University Lowbrow Astronomers

Doug’s Deep Sky Challenge.

by Doug Scobel
Printed in Reflections: December, 2002.

What’s Up With NGCs 6882 and 6885?

[Author’s note - I originally wrote this for the November newsletter, but I did not get it to Mark in time.  Believe it or not, Vulpecula still should be high enough in the sky immediately after the end of twilight to be able to check these out.  Otherwise, you’ll have to wait until next summer!]

Many of you may already know that I am currently working on the so-called Herschel 400 list of deep sky objects.  Two of them, cataloged as NGC 6882 and NGC 6885, are a bit puzzling.  Both are located in Vulpecula (the Fox), and are literally one on top of each other.  Supposedly, anyway.

These two open clusters are located very near each other, with NGC 6882 at 20h 11.7m +26 deg 33’ and NGC 6885 at 20h 12.0m +26 deg 29’, about five degrees north-northeast of M27 (the popular open house showpiece Dumbbell Nebula).  In fact, they both “enclose” the 6th magnitude star 20 Vulpeculae (which is not considered to be a member of either cluster - it is rather believed simply to be a foreground star).  Even in November, they should be high enough in the sky to observe, at least early in the evening after twilight ends.

NGCs 6882 and 6885 are both listed in The Deep Sky Field Guide to Uranometria 2000 as being at magnitude 8.1, with diameters of 18 and 7 arc minutes, respectively.  Given their coordinates, and their listed diameters, they ought to overlap.  But what we see on star charts is another story.  Sky Atlas 2000 plots only NGC 6885, as a small cluster centered exactly on 20 Vul.  Uranometria 2000 (first edition) plots both clusters, also with NGC 6885 centered on 20 Vul, and with the larger NGC 6882 completely enclosing it, and with its center to the northwest of 20 Vul.  Millennium Sky Atlas also plots both, and also with NGC 6882 enclosing NGC 6885 (also centered on 20 Vul), but shows NGC 6882’s center to the southwest of NGC 6882.  And, the totally revamped Uranometria 2000 second edition shows NGC 6882 only, and doesn’t even plot its smaller companion!  Obviously, there’s confusion regarding these two objects even among the sky cartographers!

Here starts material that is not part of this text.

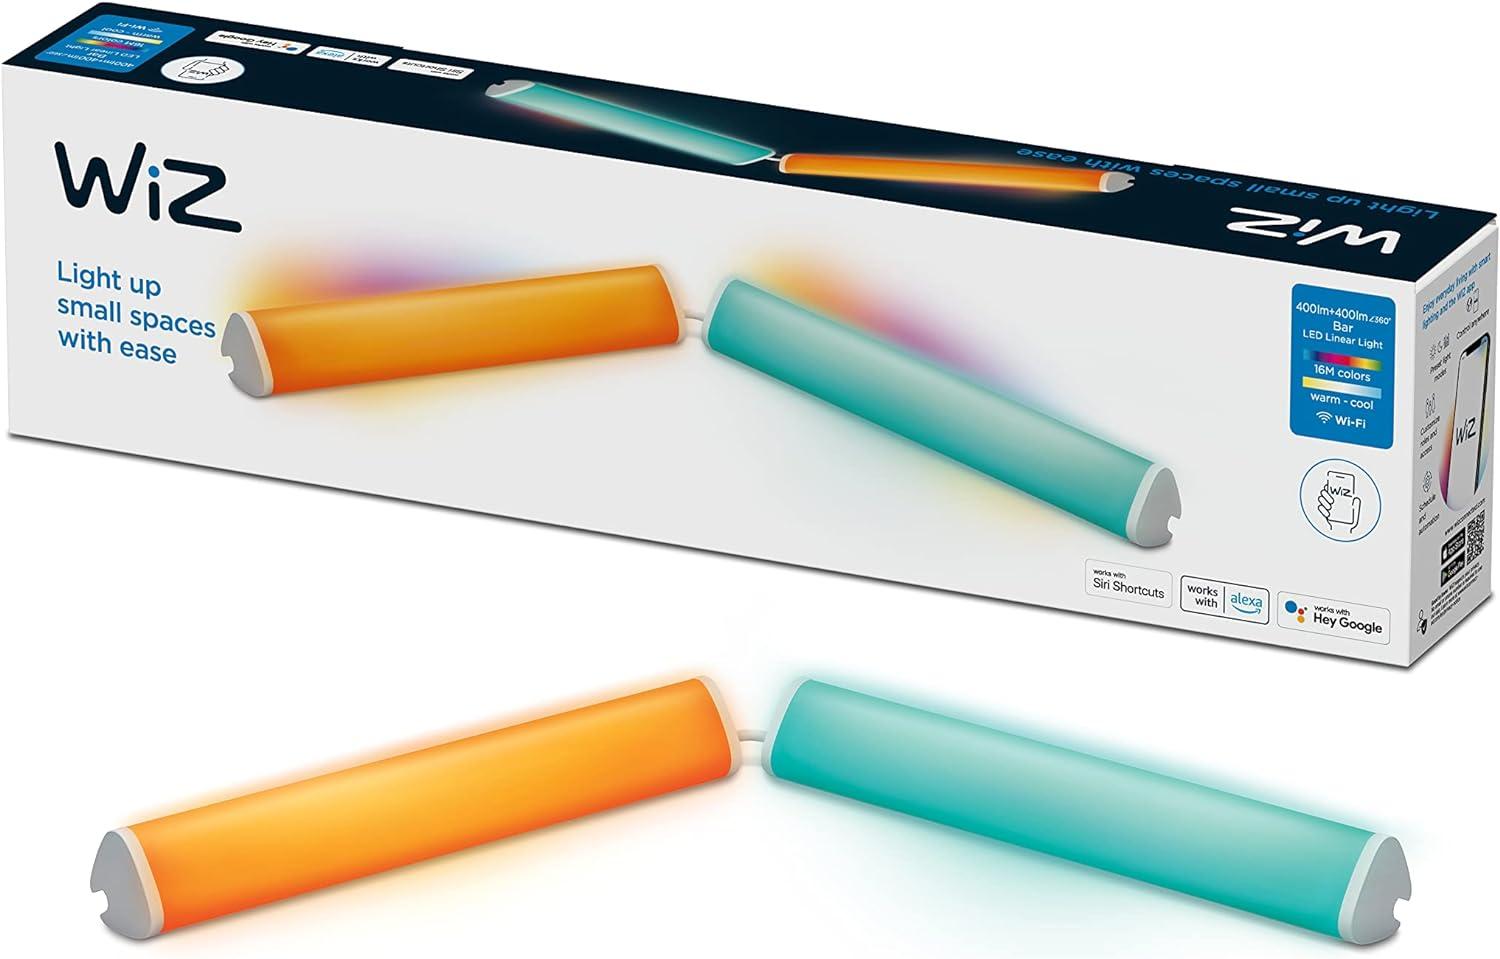 WiZ Light Bar Tischleuchte Tunable White and Color, dimmbar, 16 Mio. Farben, smarte Steuerung per App/Stimme über WLAN, Doppelpack Bild 1
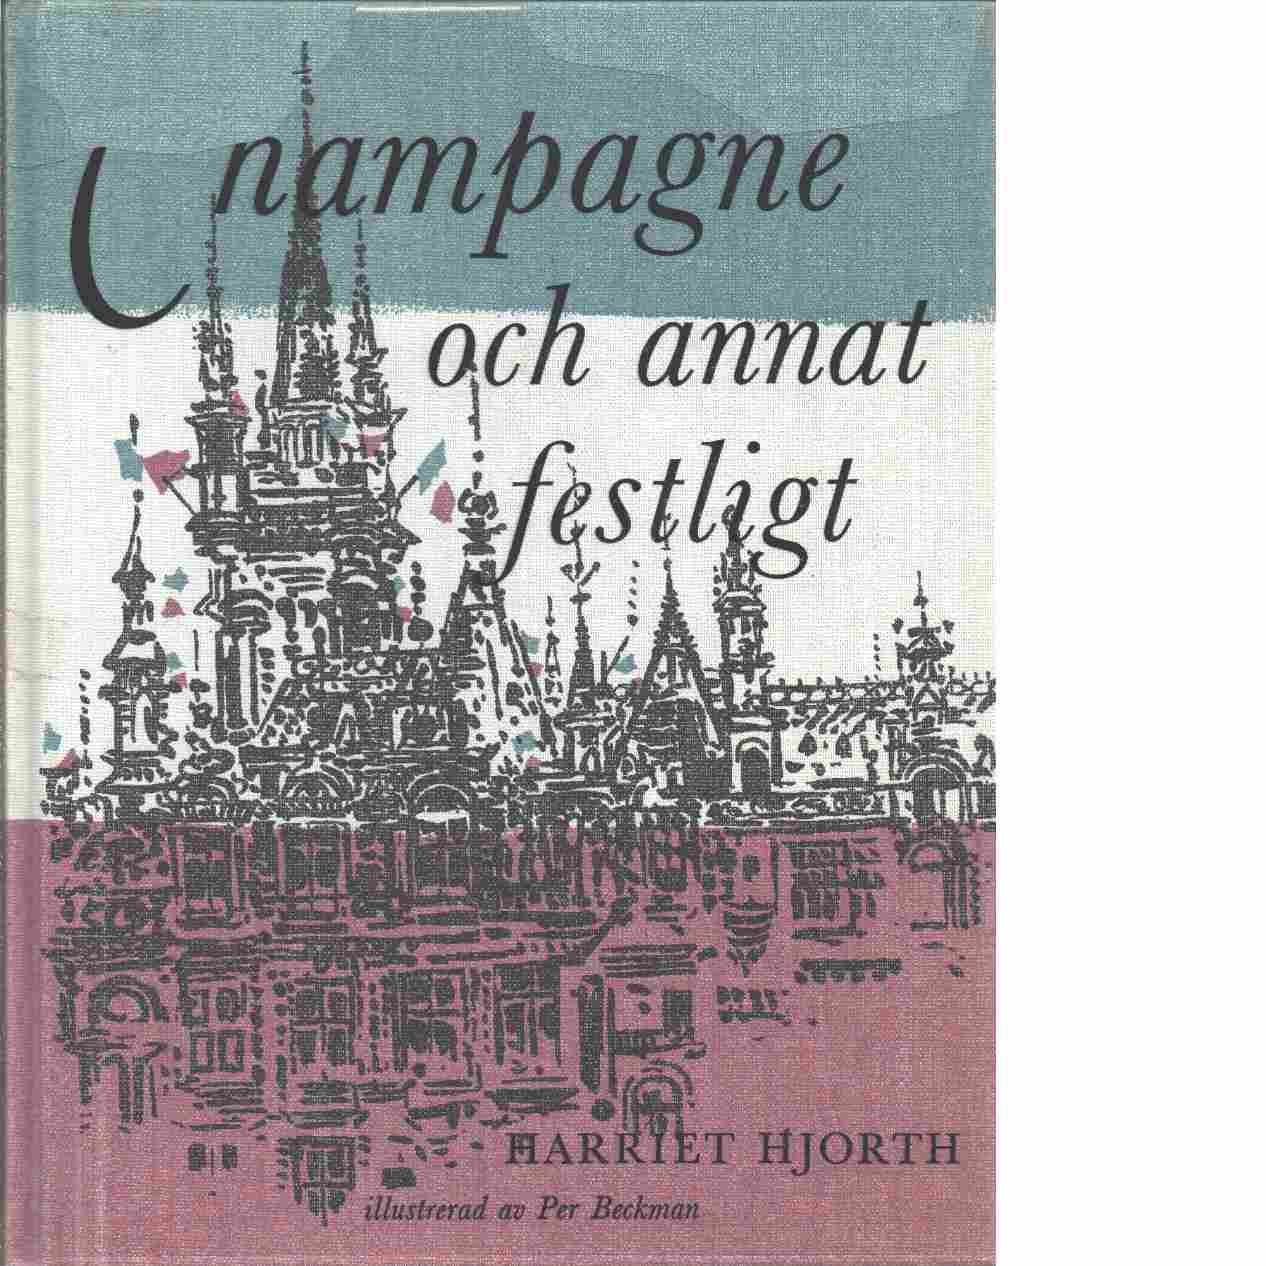 Champagne och annat festligt - Hjorth, Harriet

So what does one see when one looks at these in a telescope?  In my 13” at the Black Forest Star Party this past September, NGC 6882 appeared as a nice, relatively “loose” cluster in a rich Milky Way field.  Despite the rich background, it was still relatively easy to spot as a cluster.  Yes, 20 Vul was there near the “edge” of the cluster, but I did not pay attention to which direction the star was from the cluster’s center.  [I did not notice the discrepancy in the positions of NGC 6882 relative to 20 Vul until I compared star charts while writing this article.  I’ll have to revisit them the next time I’m out observing.]  At low power, around 55x, I saw no evidence of a smaller cluster centered on 20 Vul.  At higher power, around 200x, I thought I detected a faint “circle” of stars surrounding 20 Vul.  Was this NGC 6885?  If so, then it’s awfully small and hardly worth cataloging in the Herschel 400 list.  The Herschel 400 is advertised not as having the most challenging objects, but rather to be a collection of objects reachable with moderate apertures from less than perfectly dark skies.  If this is NGC 6885, then it seems out of place in it.

So what’s up with these two clusters?  Are they really two objects?  Why does each sky atlas plot them differently?  Why are they listed with identical brightness’s, when obviously if one “encloses” the other, then they cannot be?  And is NGC 6885 really a cluster?  Is it even there at all?